La surveillance s’organise
Exemple de patrouille de nuit, ici mi-octobre du côté de saint-Germain-du-Plain.

Il n’était qu’une dizaine de propriétaires de chevaux venus assister à la réunion organisée par la gendarmerie ce lundi 19 octobre au domaine équestre de Laizé, mais l’inquiétude était palpable. « Nous vivons mal la situation », « Je me réveille au moindre bruit », ont-ils été plusieurs à dire, quand d’autres ont avoué « frôler la paranoïa ». Un propriétaire présent a même directement été victime de ces agissements : en juillet 2019, il a retrouvé son cheval tué dans son pré, « situé à 50 m des maisons », la tête tuméfiée et l’oreille droite sectionnée…. À l’époque, ce fait isolé avait conduit les gendarmes et le procureur à classer l’affaire sans suite dès le mois d’août !
Désormais, la situation est différente. « 400 faits ont été recensés au niveau national, a rappelé l’adjudant Mickaël Corradi. Cependant, seuls 70 ont été reconnus comme actes volontaires de la part d’êtres humains ». Pour beaucoup donc, il semblerait que les animaux se soient blessés d’eux-mêmes...

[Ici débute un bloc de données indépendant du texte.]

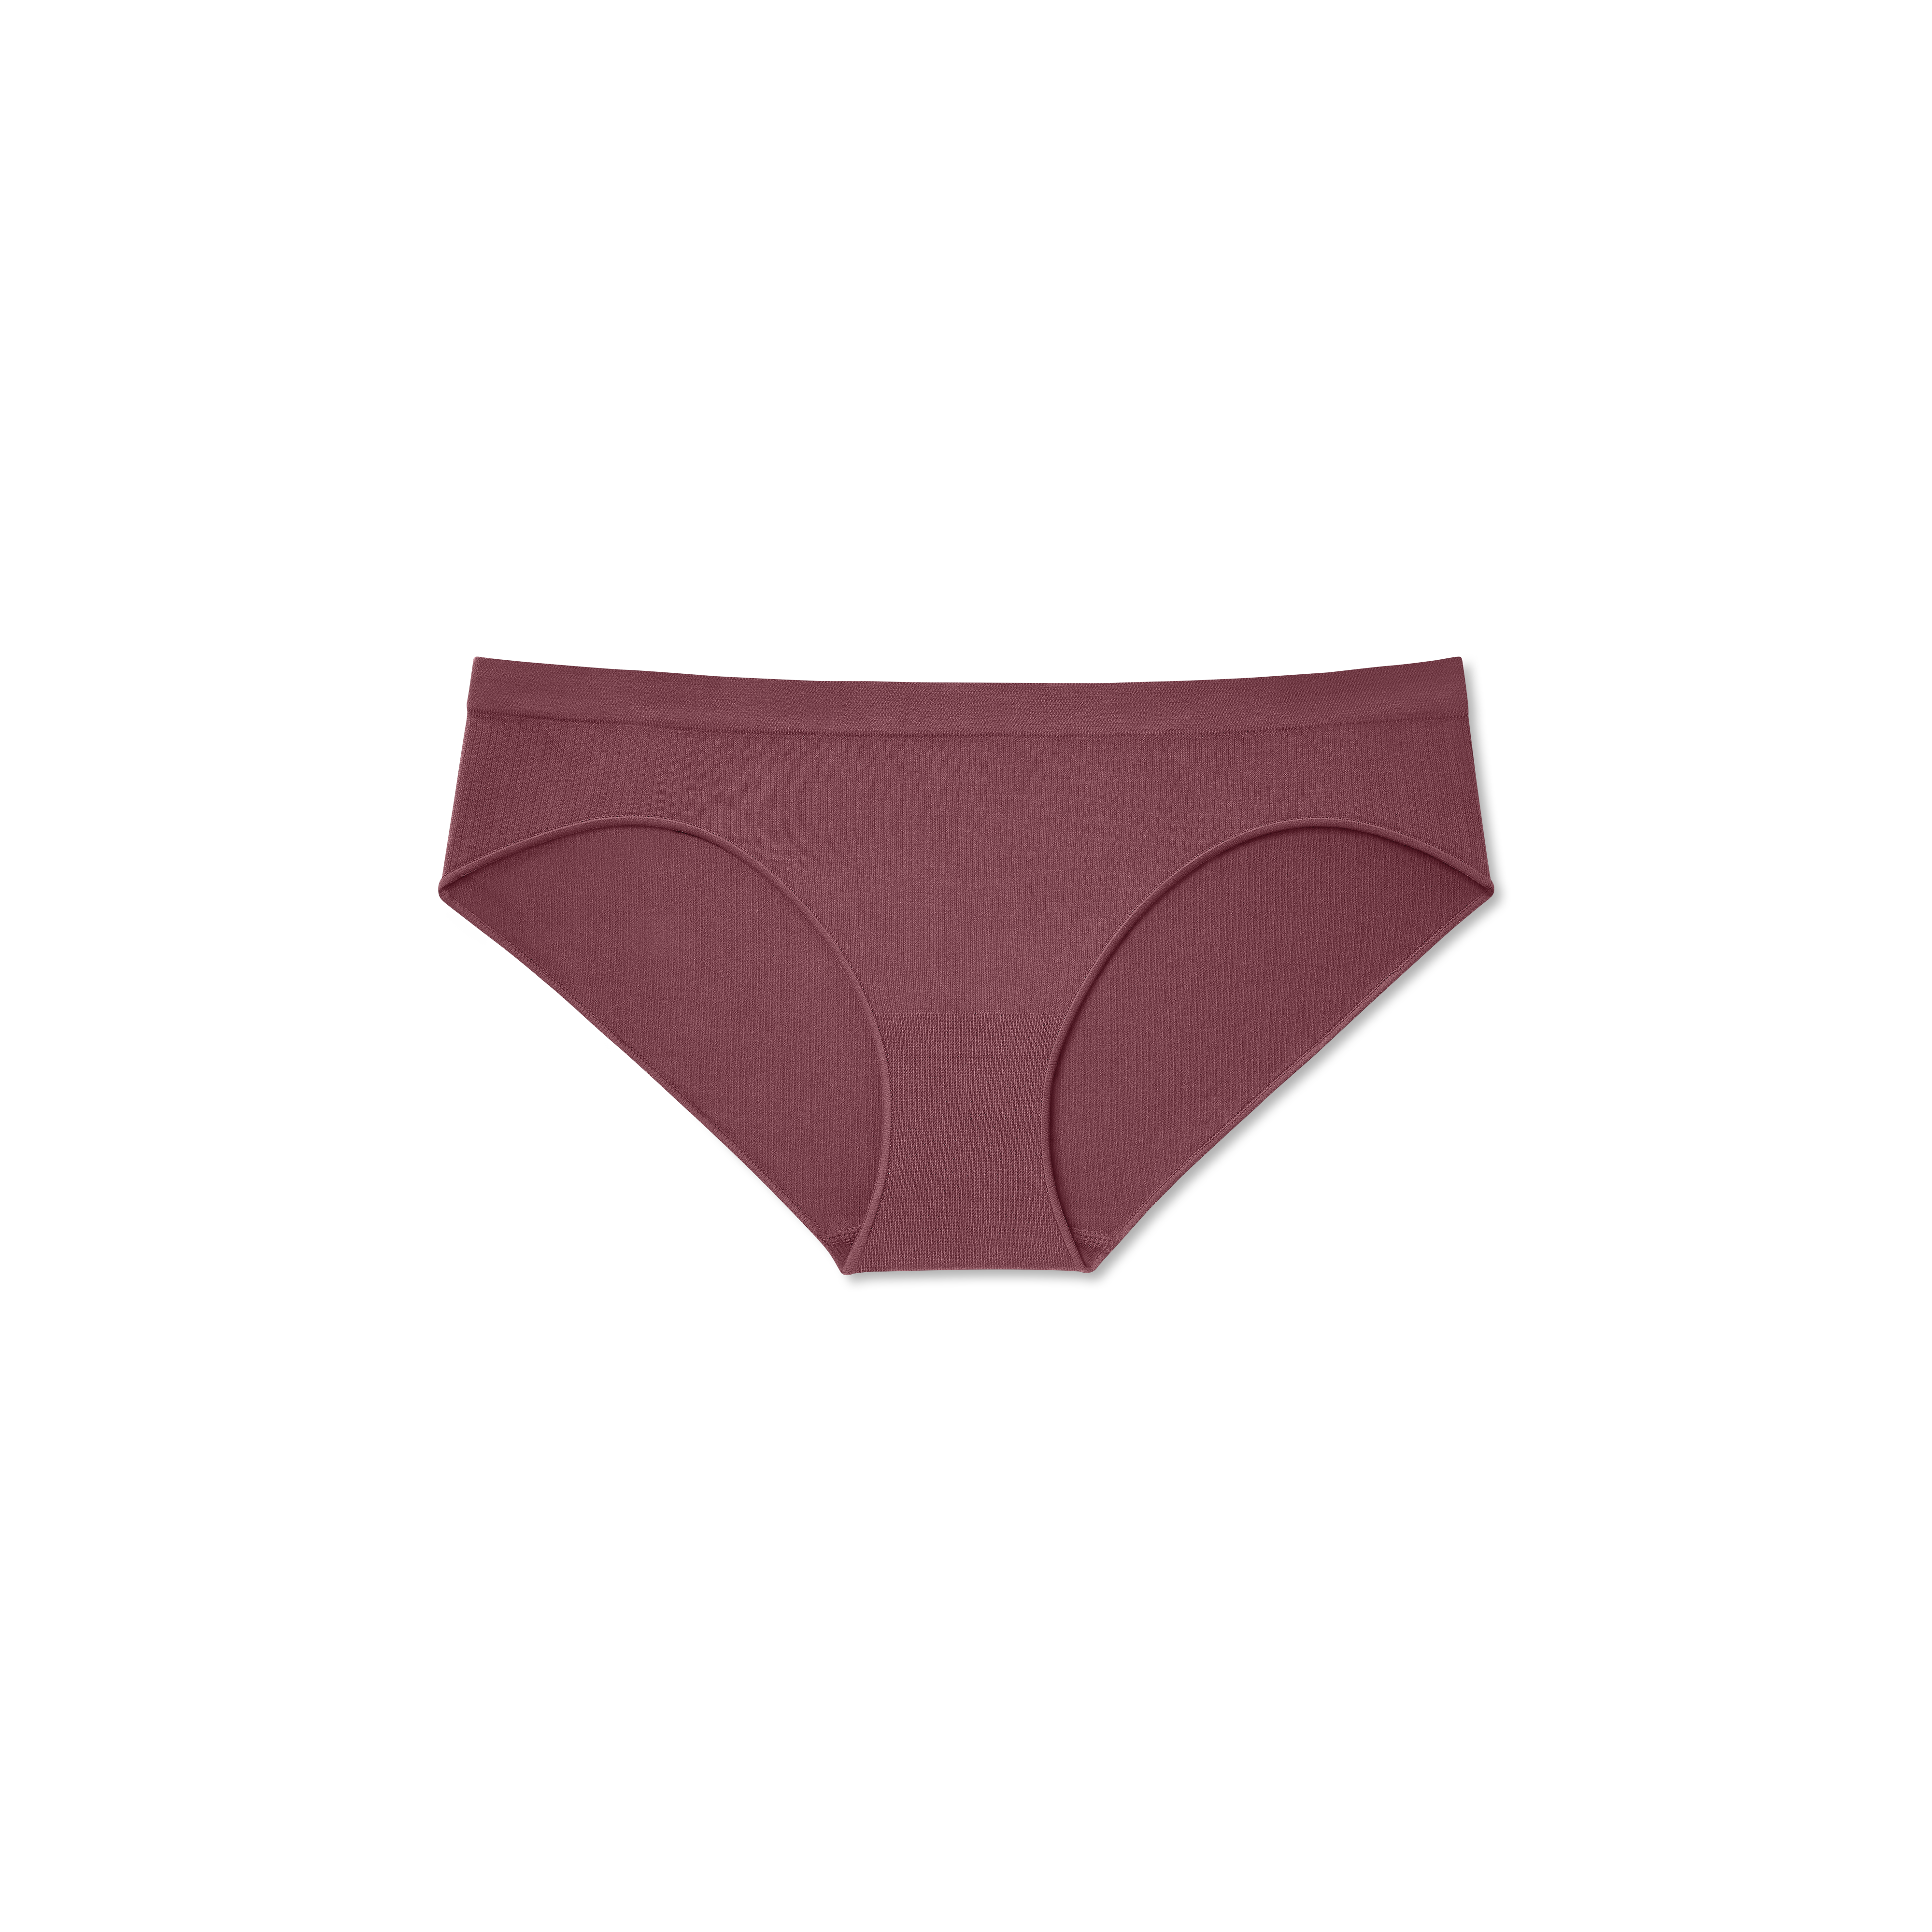 Bombas Women's Cotton Modal Blend Lace Hipster - Plus Size Underwear 6-Pack  - Spring Mix - 2X - ShopStyle Panties

Mobilisation à tous les niveaux

« D’énormes moyens sont actuellement engagés », a poursuivi l’adjudant Corradi, et ce aussi bien au niveau départemental qu’au niveau national puisqu’une quinzaine de personnes sont mobilisées sur ces affaires au sein de la structure Oclaesp. Oclaesp, pour Office central de lutte contre les atteintes à l'environnement et à la santé publique, auquel chaque cellule départementale remonte les informations concernant ces affaires.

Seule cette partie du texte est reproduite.